An all-digital phase locked loop (ADPLL) with cascaded dynamic phase average (DPA) loop for wide multiplication range applications is presented in this paper. The multiplication factor can range from 4 to 65025 (255 x 255). The proposed architecture involves a minimum of hardware and improves jitter performance to reduce the noise and jitter associated with input reference. The dynamic phase averaging (DPA) loop control employing digital phase estimators (DPE) enhances frequency detection resolution and loop stability. A (Q.R) vector counter and an additional state counter serve as phase estimators. The proposed ADPLL includes cascaded DPA loops: the first stage is low frequency loop and the second stage is high frequency loop.
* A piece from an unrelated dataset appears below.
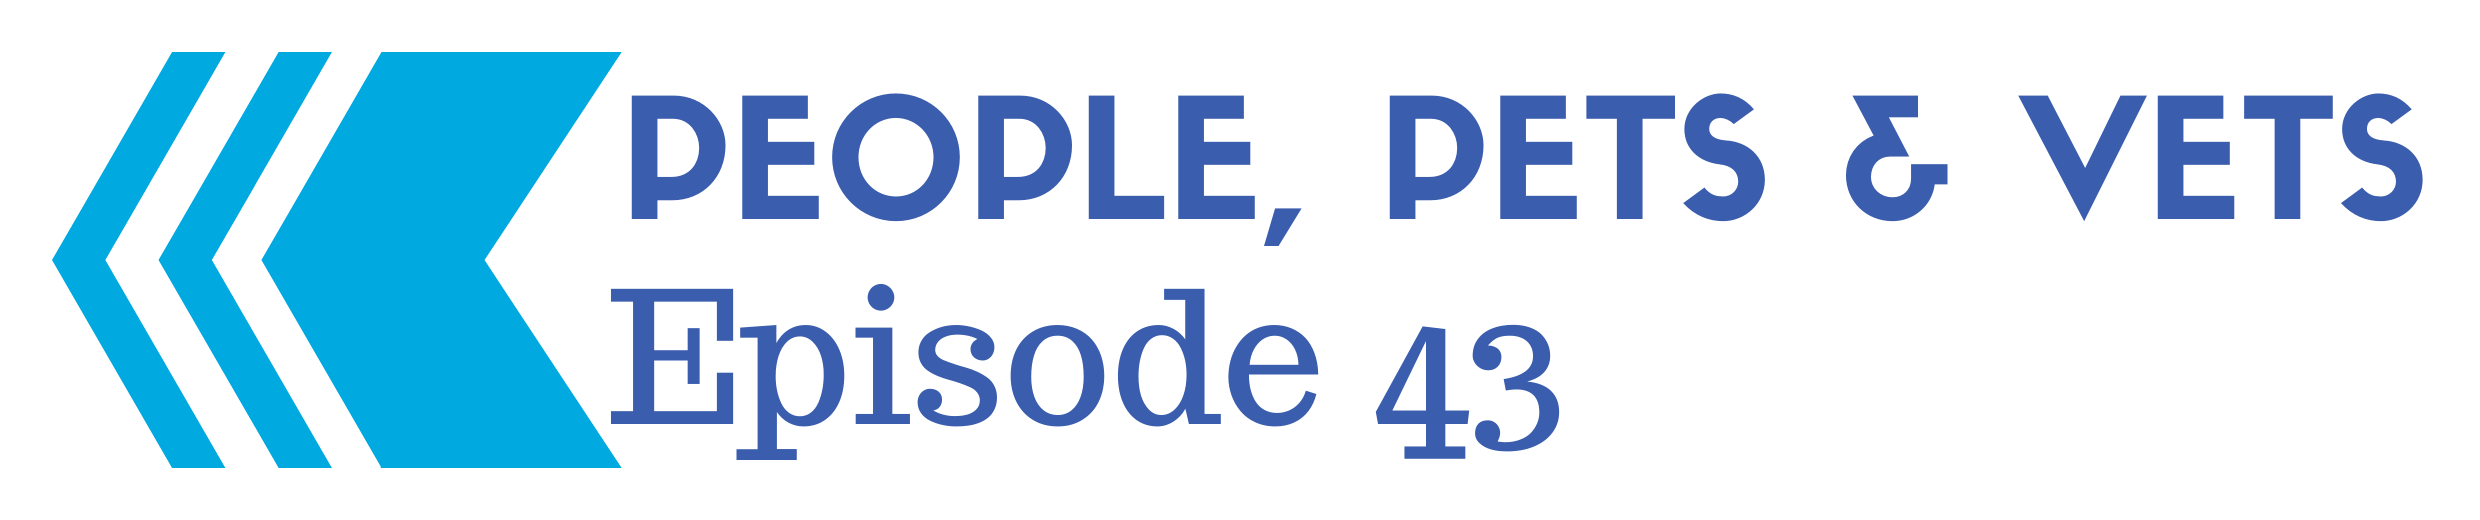 Back to Episode 43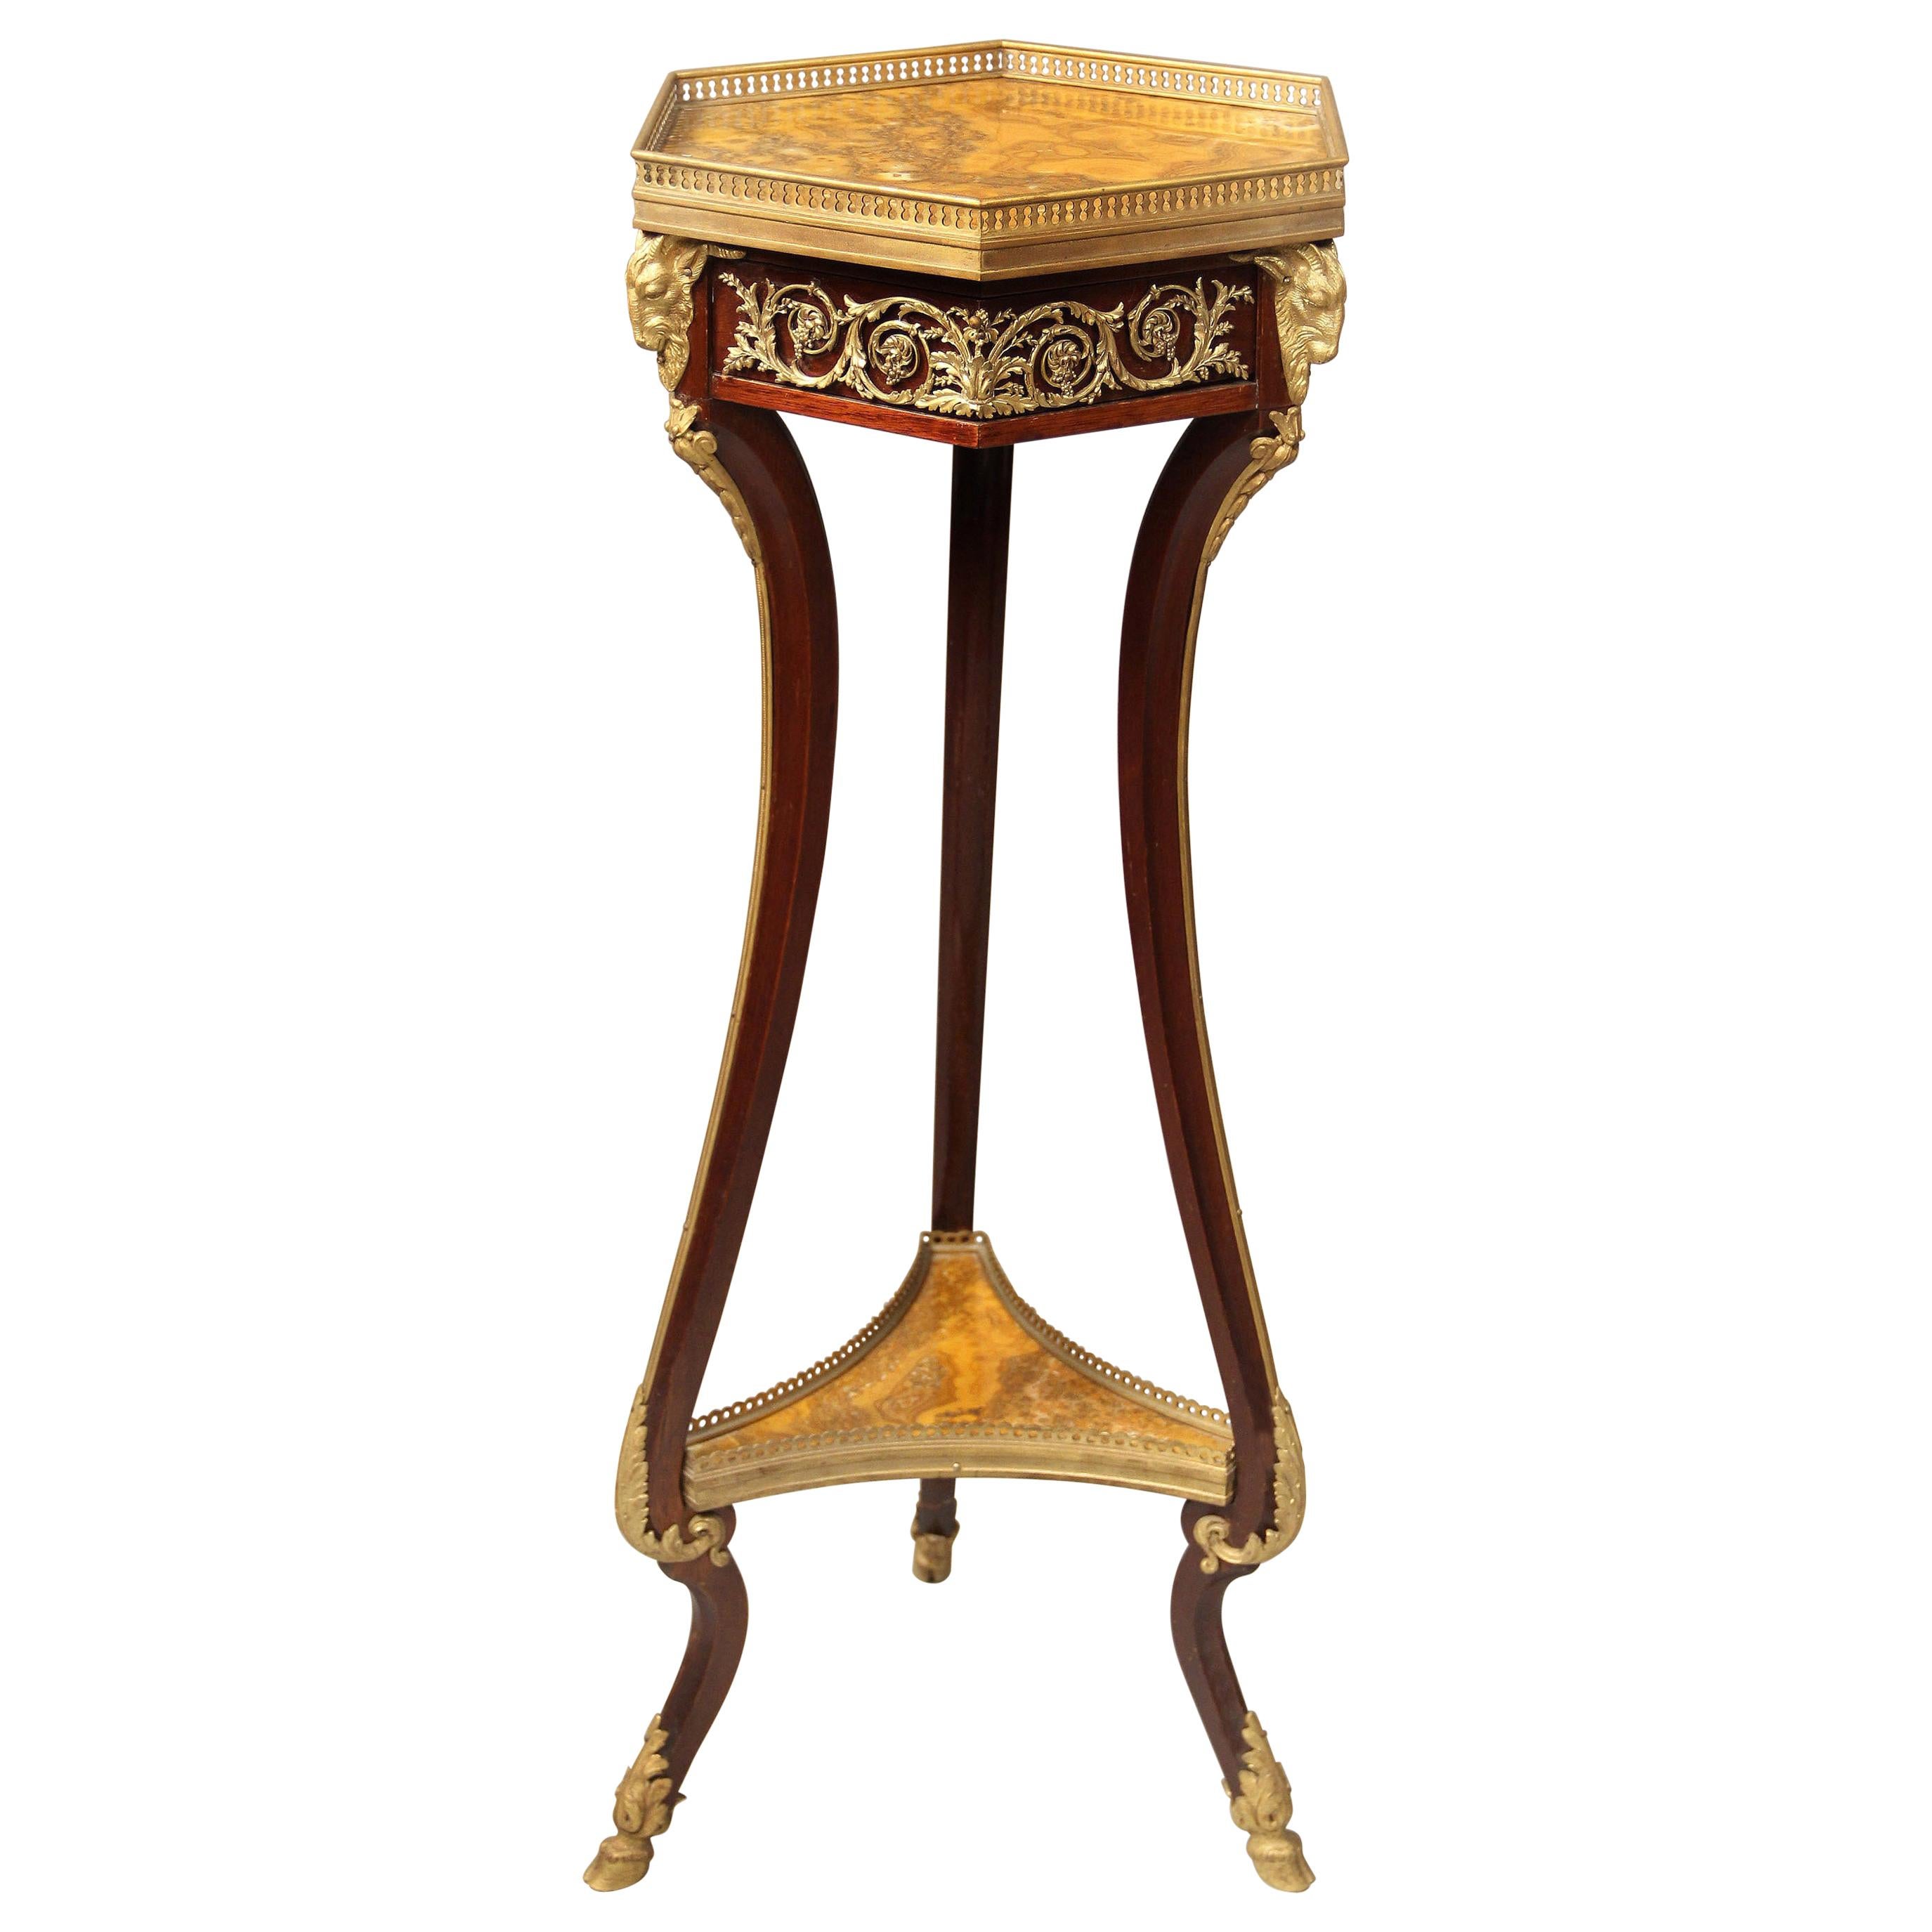 Late 19th Century Gilt Bronze Mounted Empire Style Side Table

A proto-type chip has been implemented with 0.18µm 1P6M CMOS process that can operate from 2MHz to 500MHz. The input frequency ranges from 5KHz to 50MHz. Thus it not only reduces the cost and design complexity of ADPLL, but also offers particular advantages for wide multiplication range applications.
INTRODUCTION
Numerous applications, such as video graphics card and telecommunication system, require a frequency synthesis which has high multiplication ratio. Quartz oscillators frequently require conversion when operating at low frequency. Several methods exist for realizing frequency multiplication: analog phase locked loop (PLL) [1] [2] and all-digital phase locked loop (ADPLL) [3] [4] . The major components of a PLL circuit, as illustrated in Fig. 1 , comprise a phase-frequency detector (PFD), charge pump, loop filter (generally a 2 nd order RC filter), a programmable divider, and a voltage controlled oscillator (VCO). While the PLL approach offers flexible frequency multiplication, it requires a complex sampled feedforward filter network and multistage inverse-linear programmable current mirror for constant loop dynamics that is independent of multiplication factor 1-to-4096 as indicated in [1] . Moreover, the locking time of analog PLL using PFD and a charge pump is limited by the large time constant of the analog filter. In contrast, ADPLL can provide fast locking owing to binary searching algorithm as indicated in [3] [4] . However, the specific transistor sizing of DCO in [3] come to be with changes in design specifications.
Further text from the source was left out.